■ **The records**
<<<<

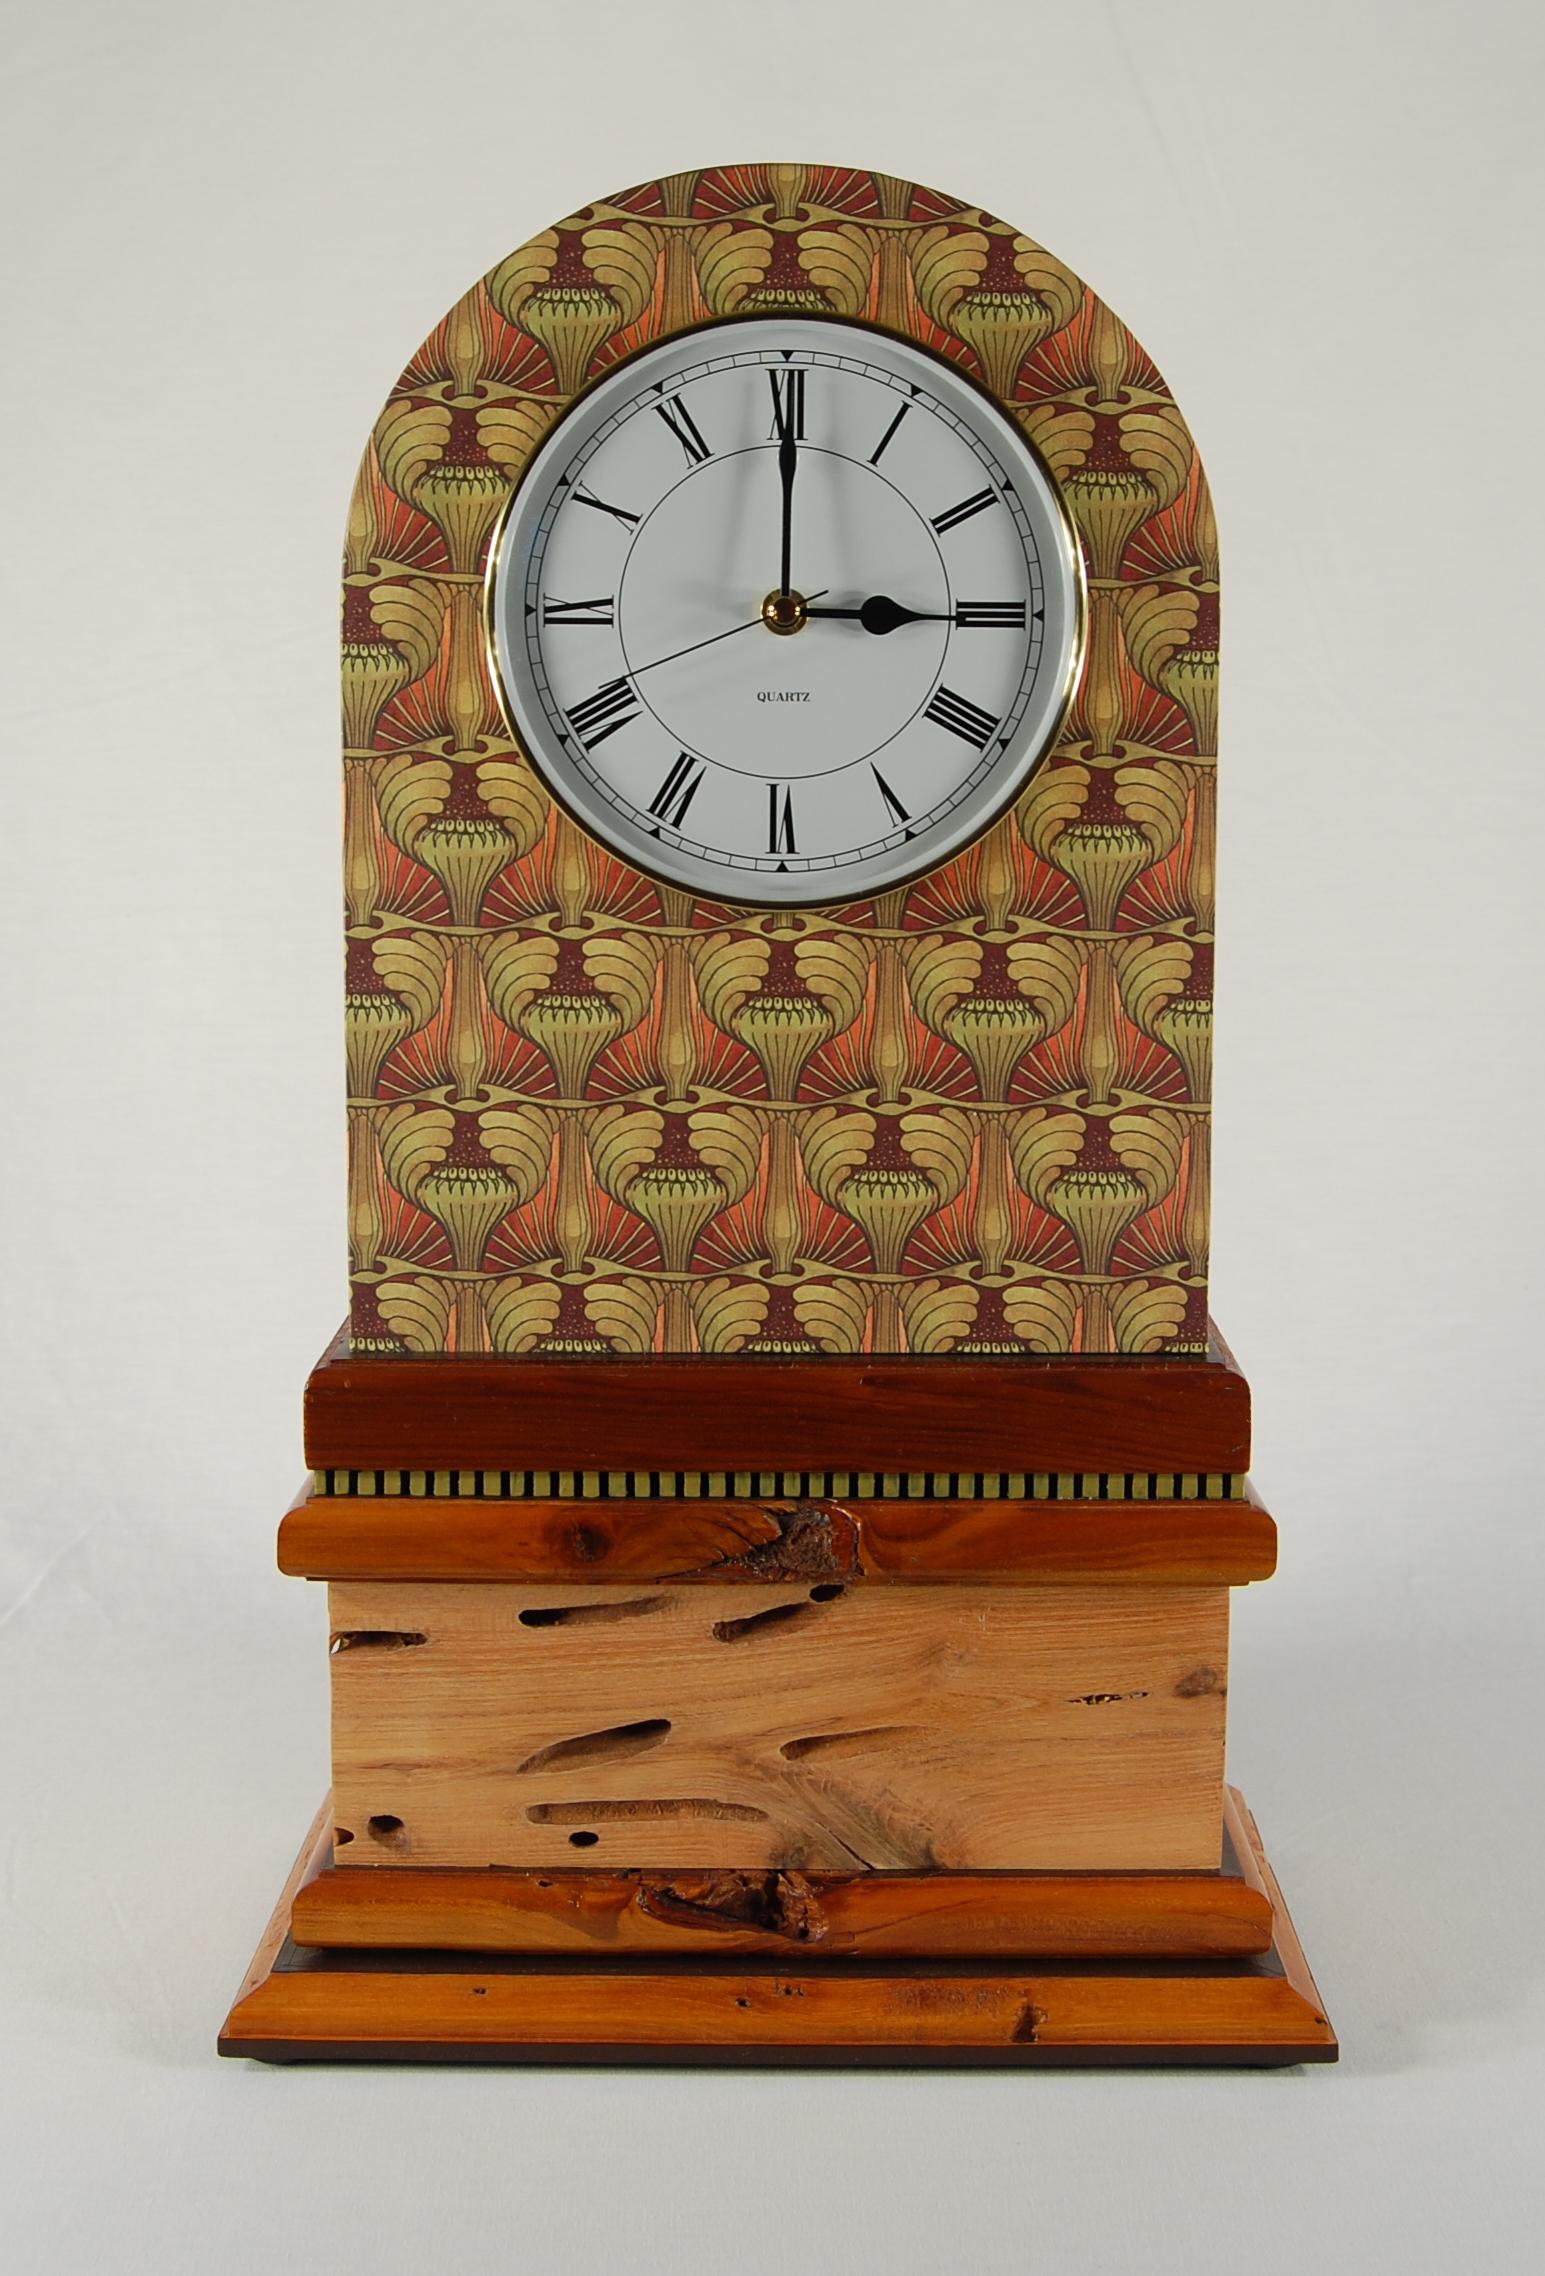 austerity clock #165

>>>>
<<<<

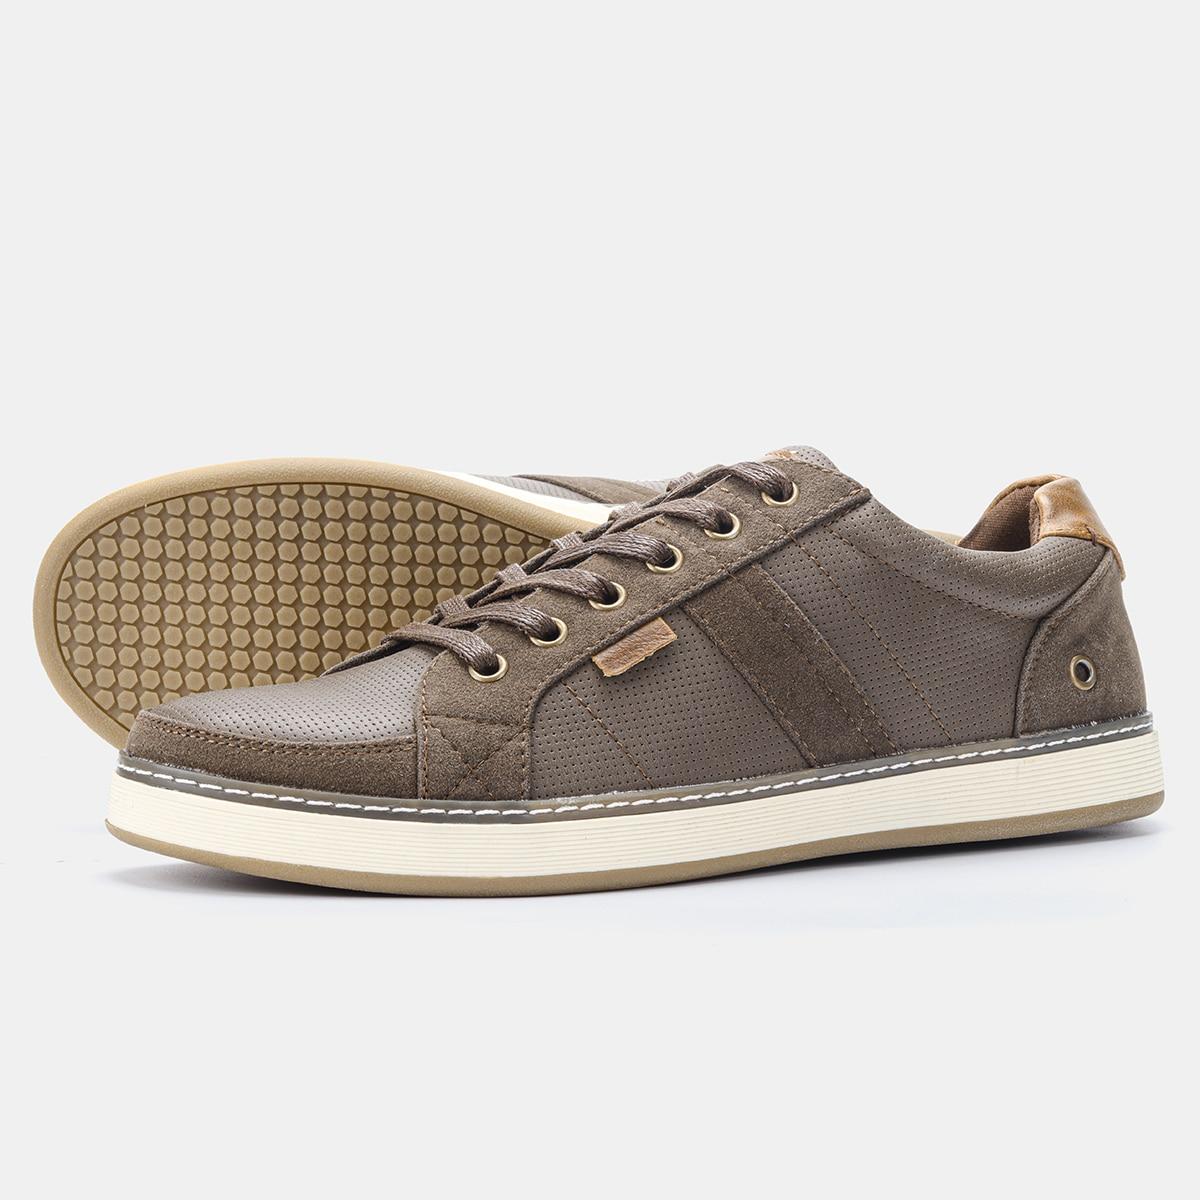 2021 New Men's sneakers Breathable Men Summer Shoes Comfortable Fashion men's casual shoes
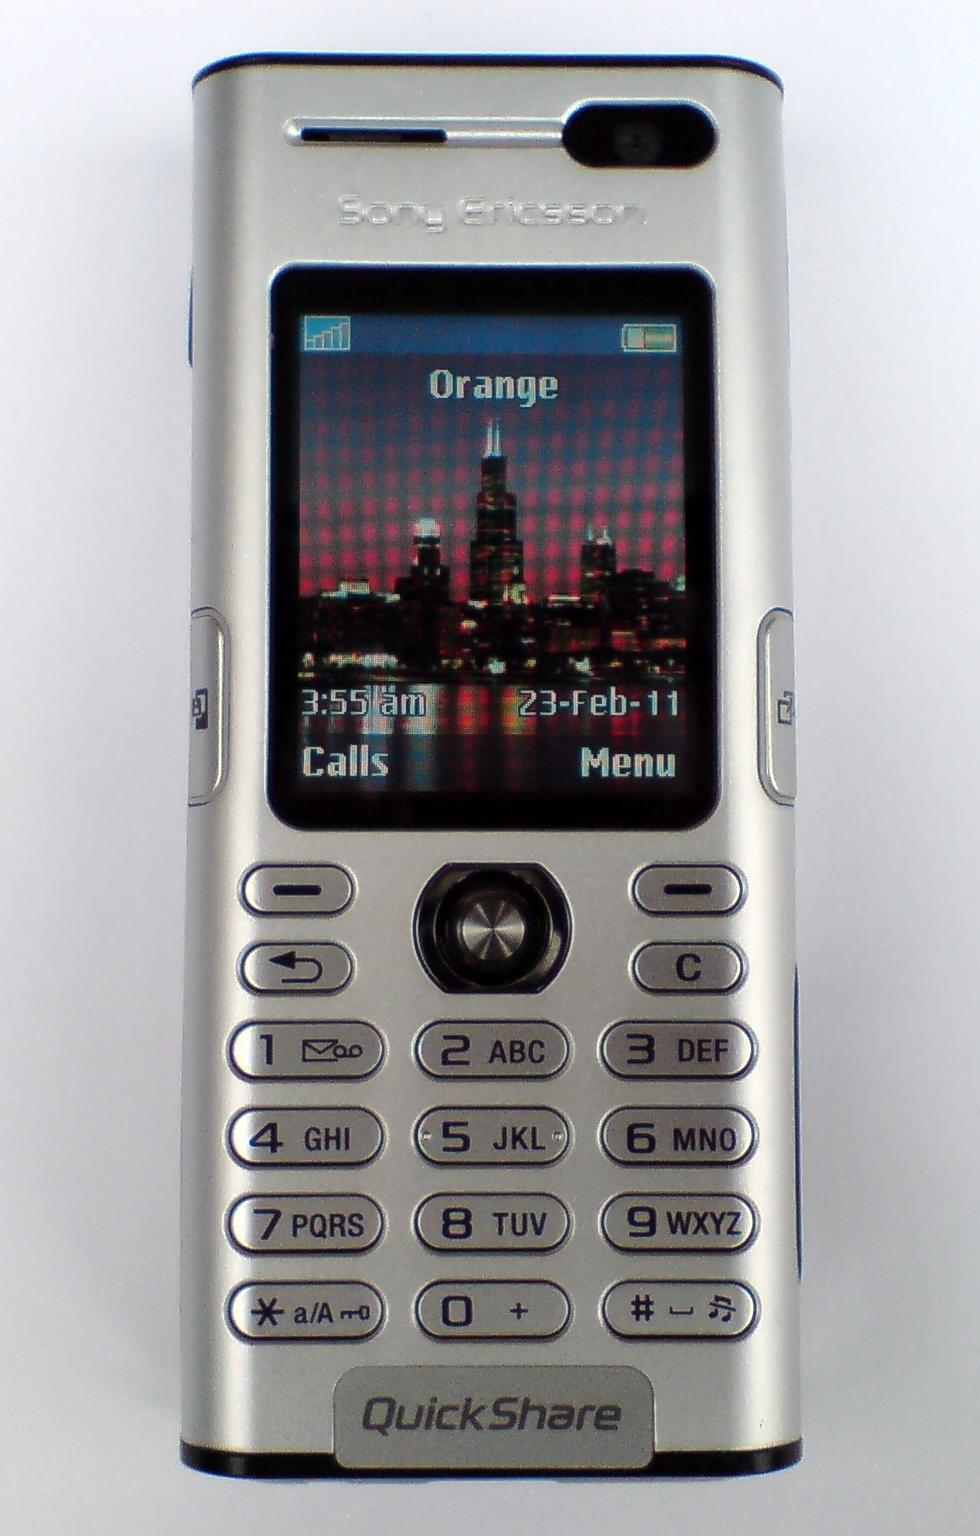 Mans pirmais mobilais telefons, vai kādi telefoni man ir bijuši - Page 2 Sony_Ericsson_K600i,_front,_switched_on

>>>>
<<<<

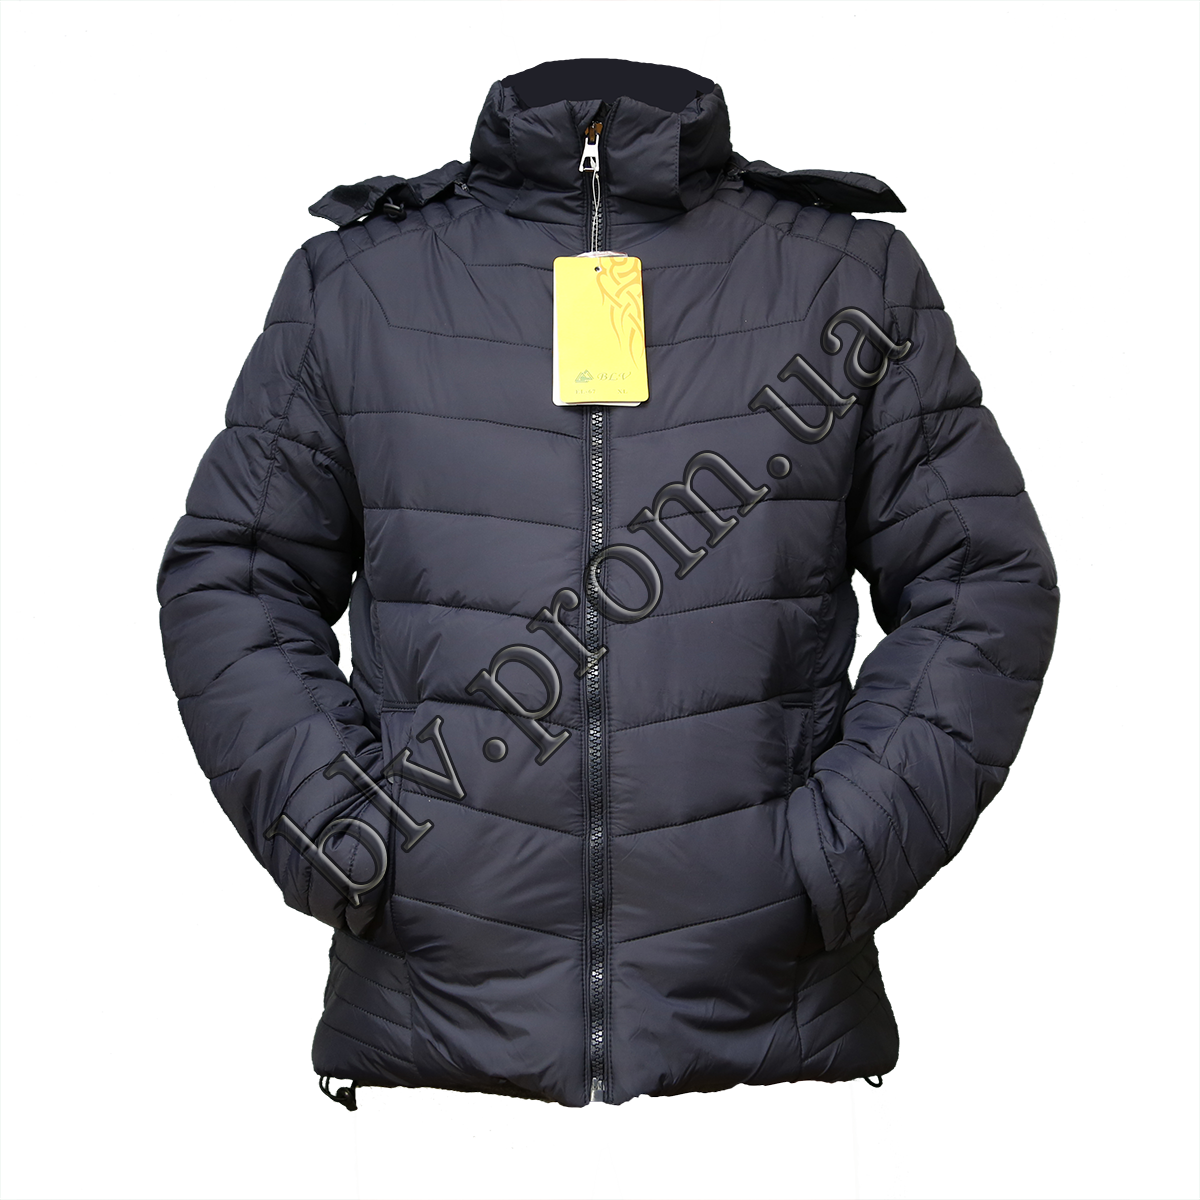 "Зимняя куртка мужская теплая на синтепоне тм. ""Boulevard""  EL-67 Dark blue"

>>>>

■ **Problem requirements**
In the records above, find the line with "2021 New Men's" and the line with "Mans pirmais mobilais", then restate word for word only those two lines and all lines between, omitting pictures.

■ **Answer for this exercise**
 2021 New Men's sneakers Breathable Men Summer Shoes Comfortable Fashion men's casual shoes
 Mans pirmais mobilais telefons, vai kādi telefoni man ir bijuši - Page 2 Sony_Ericsson_K600i,_front,_switched_on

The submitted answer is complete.